The response will probably always return 200 OK - even on errors, because hey, Google isn't a web company so who'd expect them to write good APIs. 🙄

This is the sample JSON for response.

{
    "success": true|false,
    "challenge_ts": timestamp,  // timestamp of the challenge load (ISO format yyyy-MM-dd'T'HH:mm:ssZZ)
    "hostname": string,         // the hostname of the site where the reCAPTCHA was solved
    "error-codes": [...]        // optional
}

Soapbox. Success, true or false is a stupid non-optimal way to build APIs. HTTP status codes exist for a reason. But who am I to talk, I've written some crummy software in my life too.
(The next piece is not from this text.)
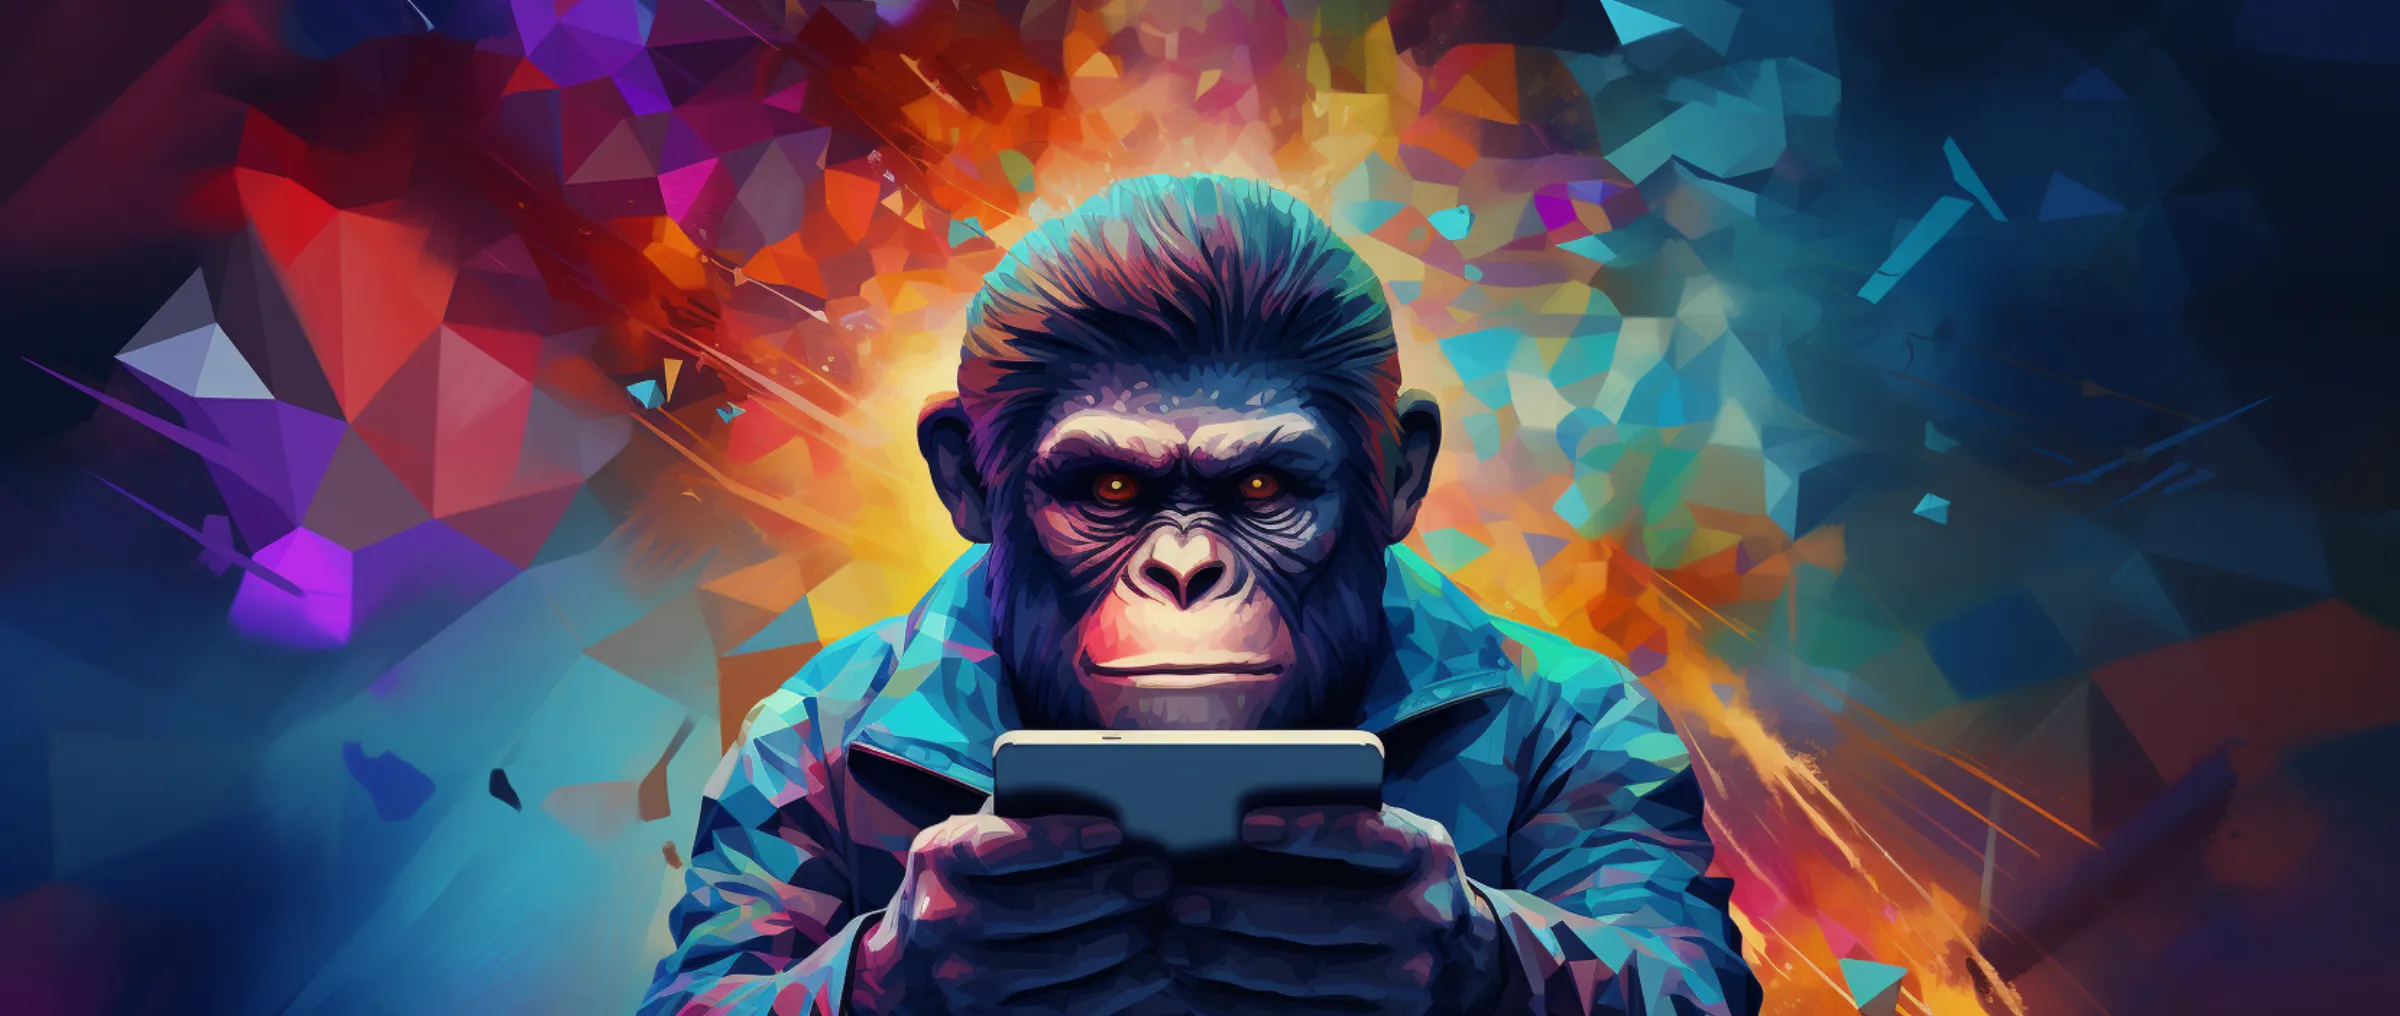 The NFT hacker saga: art, deception and the return of the monkeys

I can deserialize the reRECAPTCHA response into the following object:

public class RecapatchaResponse
{
    public bool Success { get; set; }

    [JsonProperty("challenge_ts")]
    public DateTimeOffset ChallengeTs { get; set; }

    public string Hostname { get; set; }

    [JsonProperty("error-codes")]
    public List<string> ErrorCodes { get; set; }
}

What's next

Assuming that your

Success
is true - you're done! In my case, I use this as the opportunity to add the contact information to ActiveCampaign.

On a failure (or

Success
is false), I simply send a BadRequest exception (a non-200 OK is what I'm interested in).

The

ErrorCodes
collection will contain errors, but you'd need to read and interept them independently. In my case, I'm fine just returning an error, but you might want to send back a more specific error.

If you're looking at trying to add services to static sites, definitely consider serverless options. I was definitely a holdout in the early days of Azure Functions and AWS Lambda, but every day I see little tasks that are perfect for serverless functions.